Healthy Duck Noodle Soup
Ped Toon is a special occasion dish in Thailand. You’ll often see it at festivals, with rows of duck soup sellers surrounded by locals perched on plastic chairs, happily slurping their soup. Some sellers add cola to the broth for a little fizz and top it with shredded duck.
Ingredients
- 250g duck breast, skinless
- 120g dried yellow egg noodles, thin or thick, but you can use wheat noodles if you prefer
- small handful of fresh bean sprouts, or small handful of finely sliced iceberg lettuce
- For the broth:
- 2 star anise, or a pinch of ground aniseed
- ½ tbsp ground cinnamon
- ½ tsp Chinese five-spice powder
- 1 tsp ginger paste, or 2.5cm piece of fresh root ginger
- 1 tsp garlic paste, or 2 garlic cloves, crushed and chopped
- ½ tsp sea salt
- 1 tsp finely ground black pepper
- 1 tbsp dark soy sauce
- 1 tbsp light soy sauce
- ½ tbsp fish sauce
- 1 tbsp honey or agave syrup
- 900ml boiling water
- For the toppings:
- small handful of fresh coriander (cilantro), roughly chopped
- 1 spring onion (scallion), finely chopped
- 1 tbsp fried crispy garlic or onions (optional)
Directions
- Put all the broth ingredients into a medium-sized saucepan over a medium–high heat and add the duck breast.

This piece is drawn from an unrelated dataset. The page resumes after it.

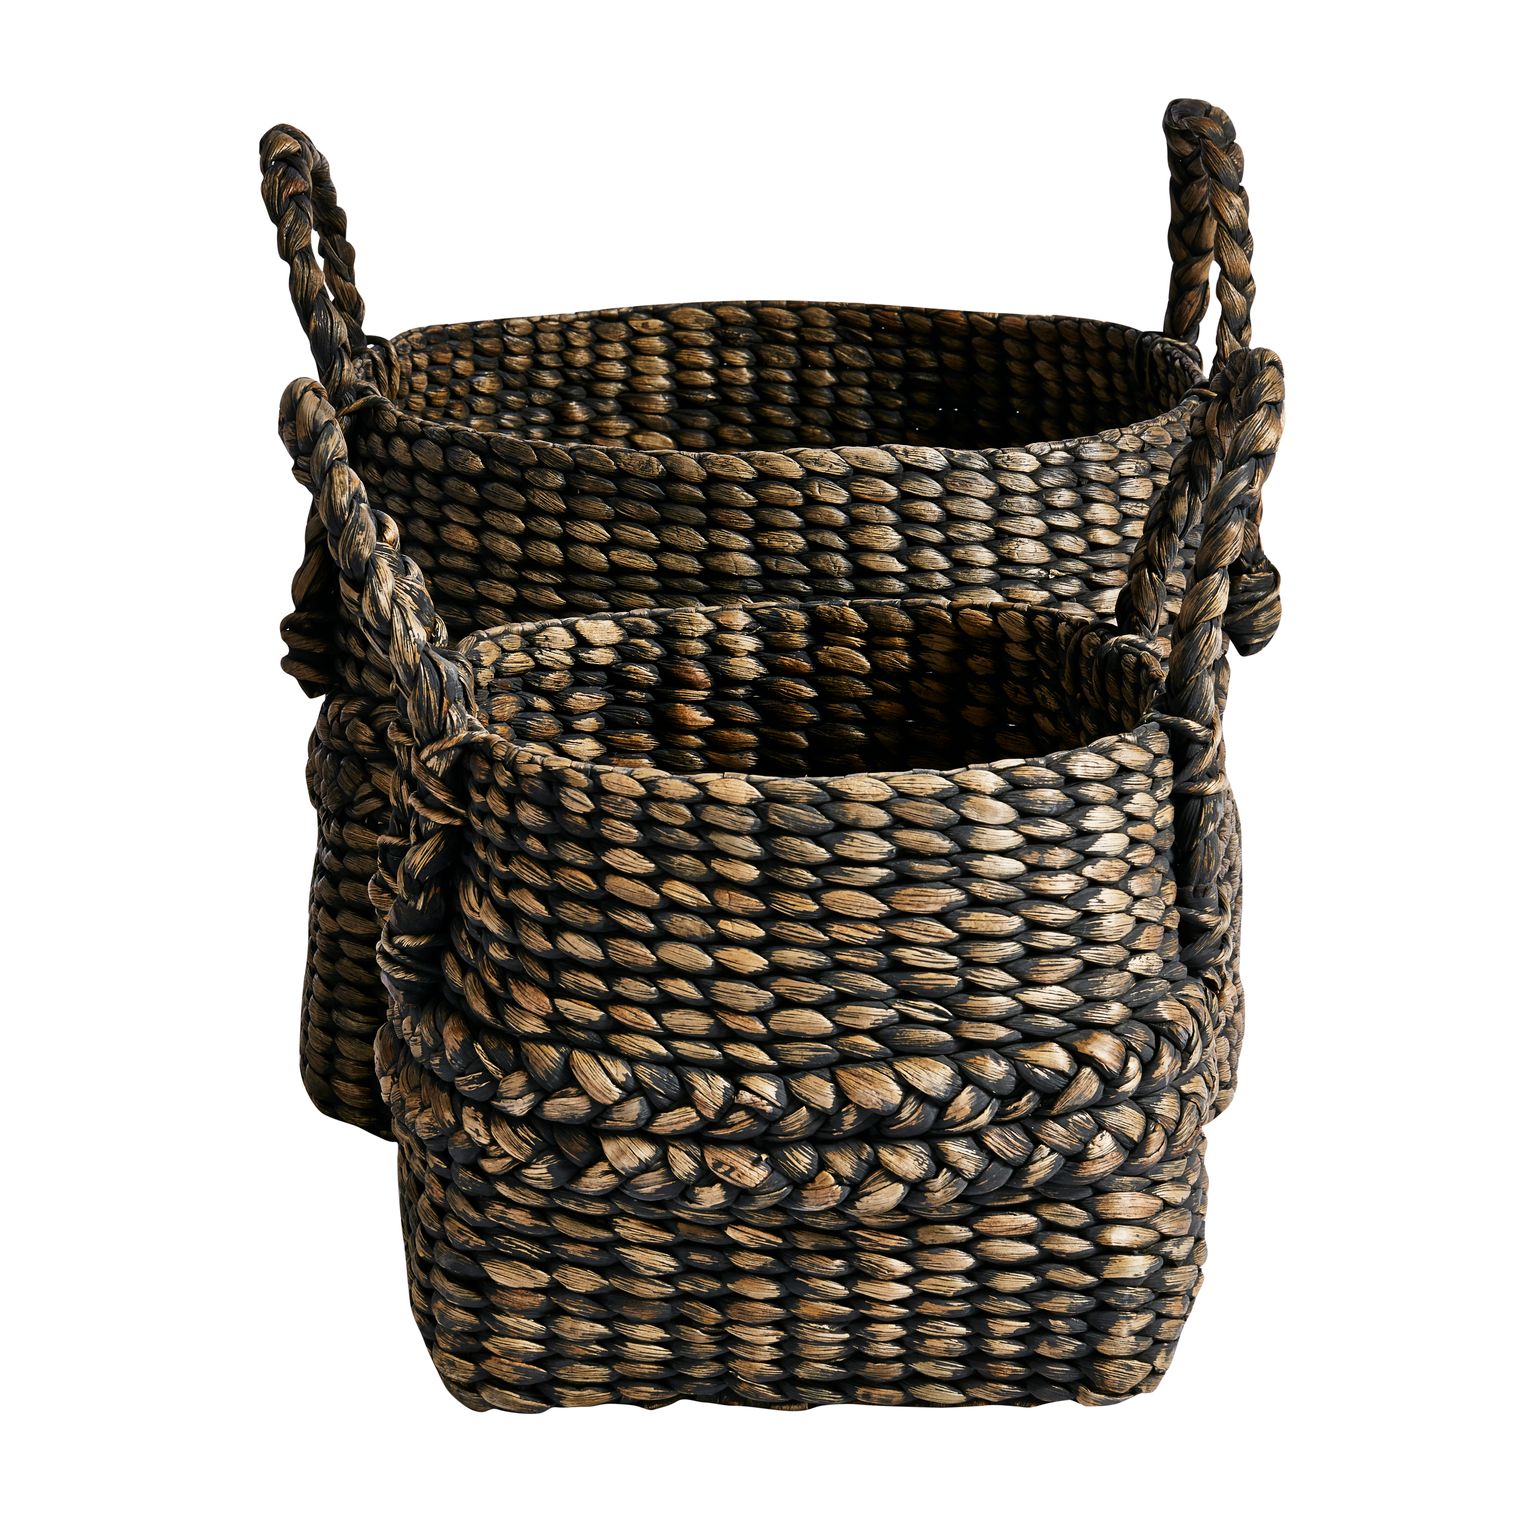 Small Hyacinth Basket with Handles - Black or Natural

- Cover with a lid and bring to the boil, then simmer over a medium heat for 20 minutes. Then remove the cooked duck and strain the broth through a fine sieve into a separate saucepan. Set the strained broth and the cooked duck aside.
- Half-fill a small saucepan with boiling water and place over a medium heat. Add the noodles and boil for 2–3 minutes, depending on the thickness of the noodle.
- To assemble the dish, divide the noodles between two large bowls and top with the bean sprouts or lettuce. Slice the duck and place in the bowls. Reheat the broth, bringing it back to the boil, then pour it all over the noodles. Finally, scatter over the toppings and get stuck in immediately.